A new media company is a business that harnesses one or more of the technologies which have experienced worldwide growth over the last few decades. Technologies such as instant messaging, streaming video, blogs, and social networking sites are made accessible via computers, cell phones, and other hand held devices. These integrations result in the type of broad, all-in-one platform of accessibility that new media companies strive to create.
The Microsoft® Network (MSN®) is a new media company that quickly took advantage of different interactive technologies early on in the dot-com boom. As an Internet Service Provider (ISP), MSN® designed its home page as a web portal, from which users could access an email service, Hotmail®, which has since gone on to become the world's largest free web-based email service. A few years later, MSN® launched an Instant Messenger (IM) feature called MSN® Messenger, which enabled users to chat with one another, share files, and play games.
While many web tools created by MSN® have gone on to become the most popular of their kind, the network's search engine capabilities were weaker in comparison to that of another new media company. Launched in 1998, Google™ began to garner attention near the beginning of the new millennium for its high degree of functionality and quality of results. As the popularity of Google™ continued to grow, the new media company began adding complementary services to its portfolio, including Gmail™, Google™ Earth, and Google™ AdSense. Google™ also acquired the video sharing site, YouTube™, and popular blog network, Blogger™, and integrated them into its portfolio of services.
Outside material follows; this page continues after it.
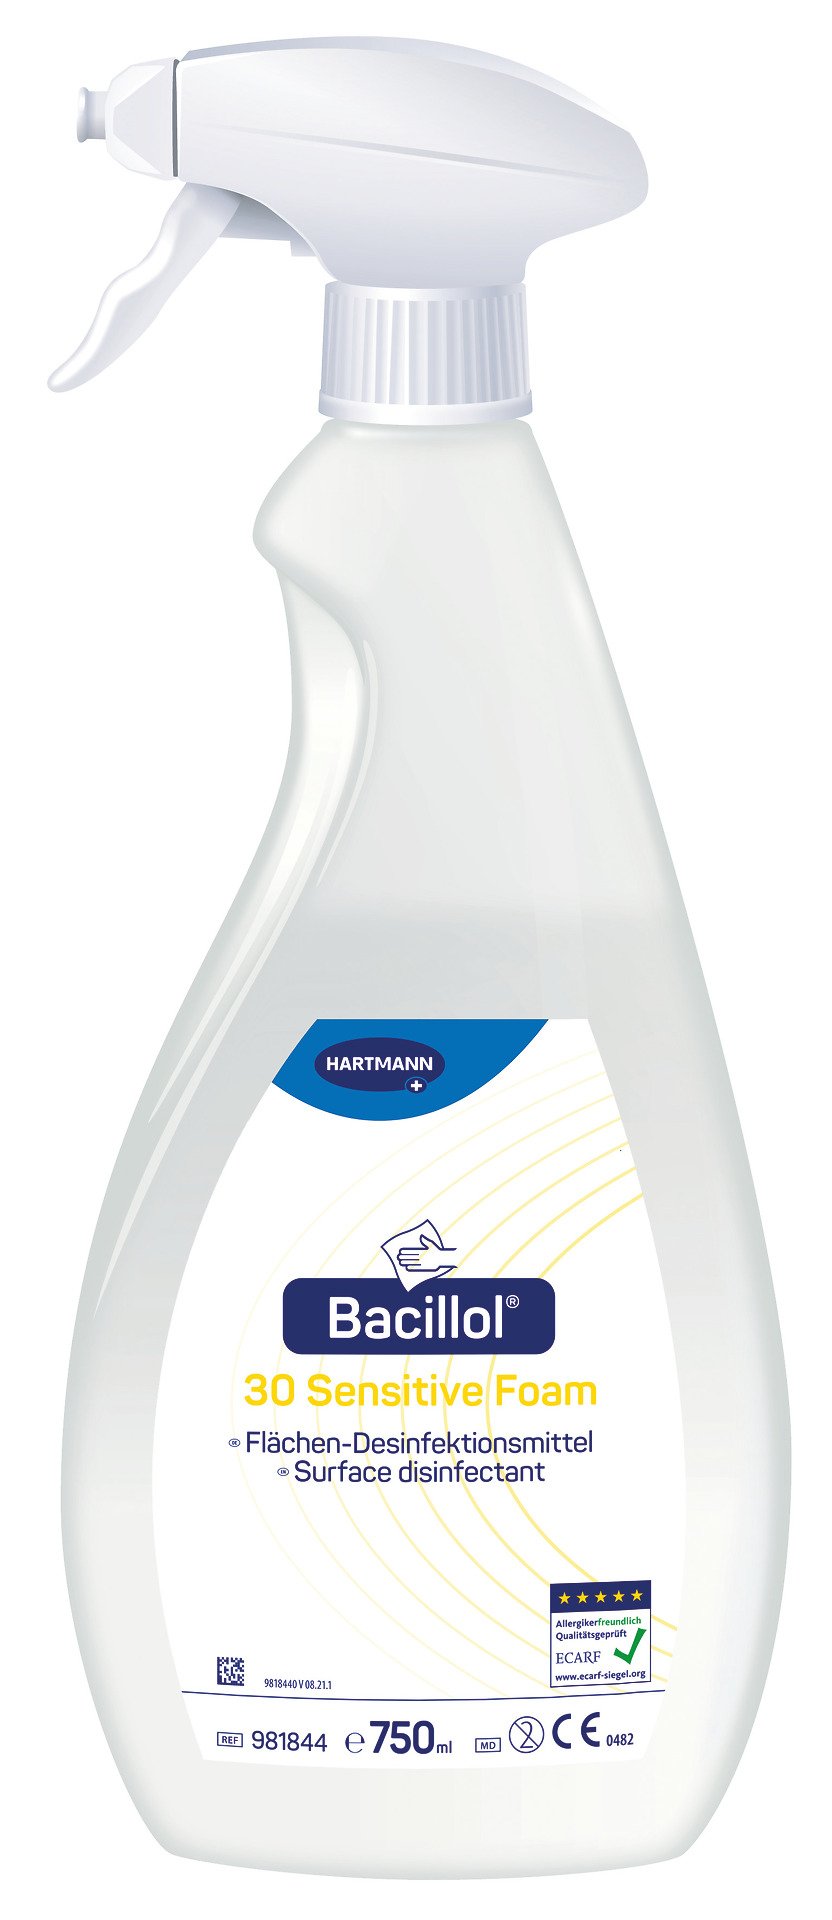 Hartmann Bacillol 30 Sensitive Foam Schnelldesinfektion, 750 ml Sprühflasche
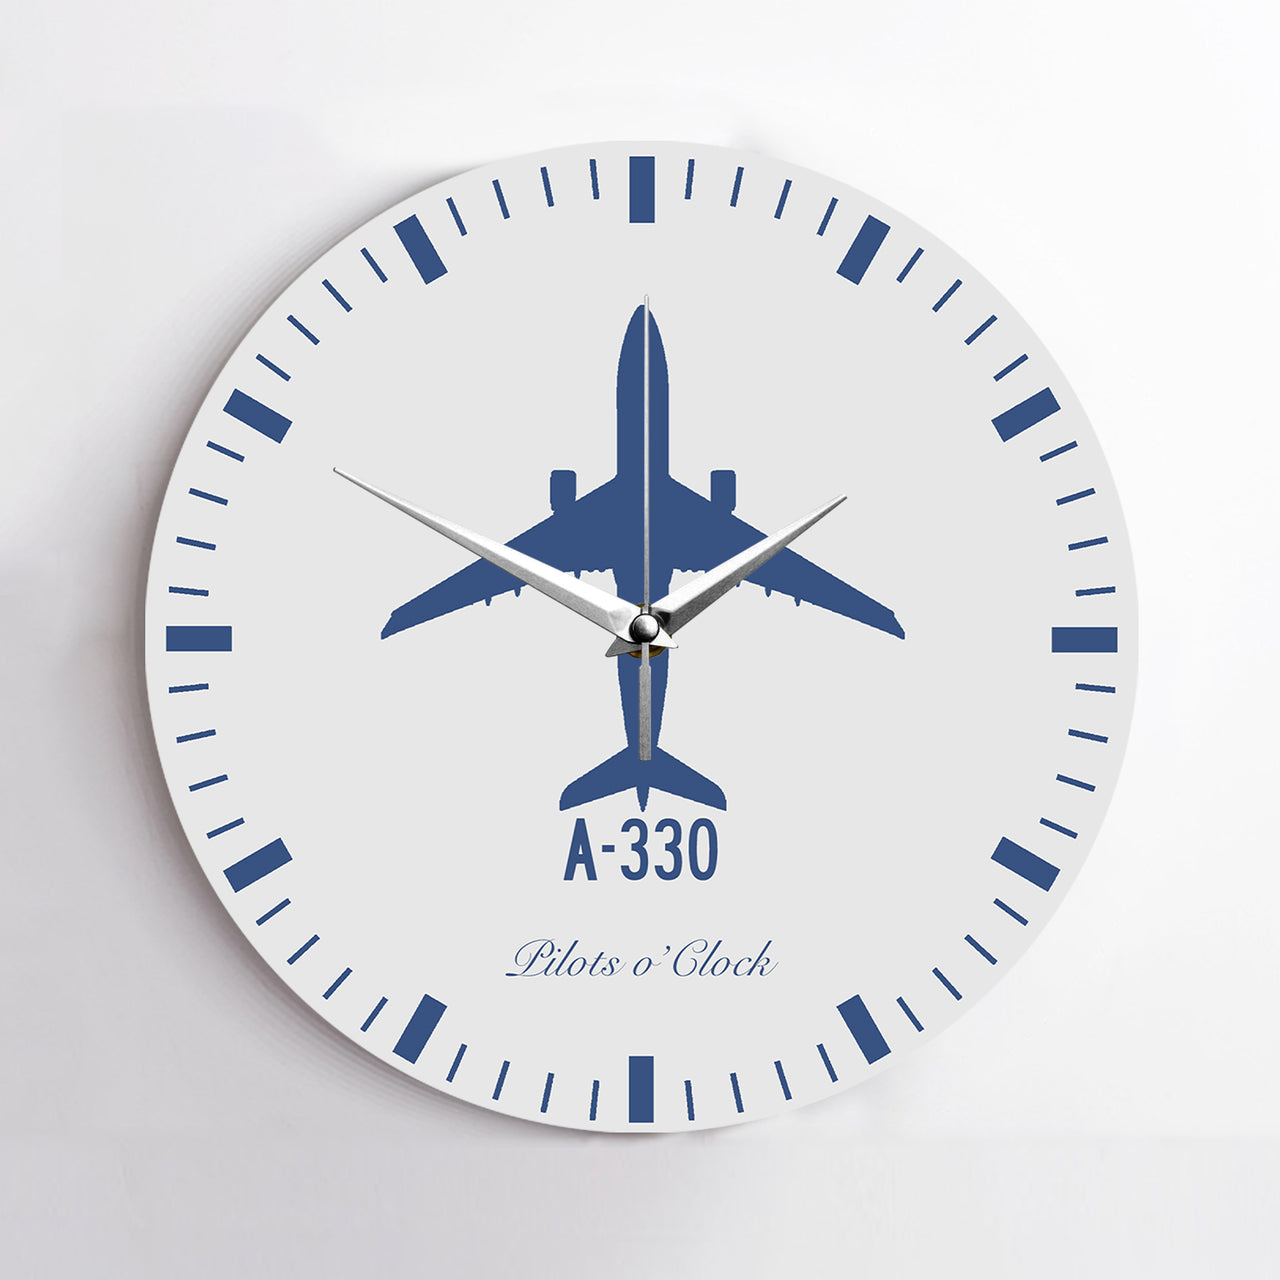 Airbus A330 Printed Wall Clocks

In 2006, a social networking site originally created for Harvard students, Facebook™, became available to members of the public. Since then, the popularity of this new media company has skyrocketed with the addition of several integrated and interactive capabilities, which are the hallmark of new media. Facebook™ has created applications which allow it to connect to, and import data from such technologies as iTunes®, iPhone®, and Twitter™, to name a few. Facebook™ also allows outside developers who are not employed with the company to develop their own applications, which Facebook™ users may then add to their account and share with others. Unlike a blog or website, which allow the user to communicate with anyone who has an Internet connection, social networking sites such as Facebook™ allow the user to share and receive information with a select group of other users.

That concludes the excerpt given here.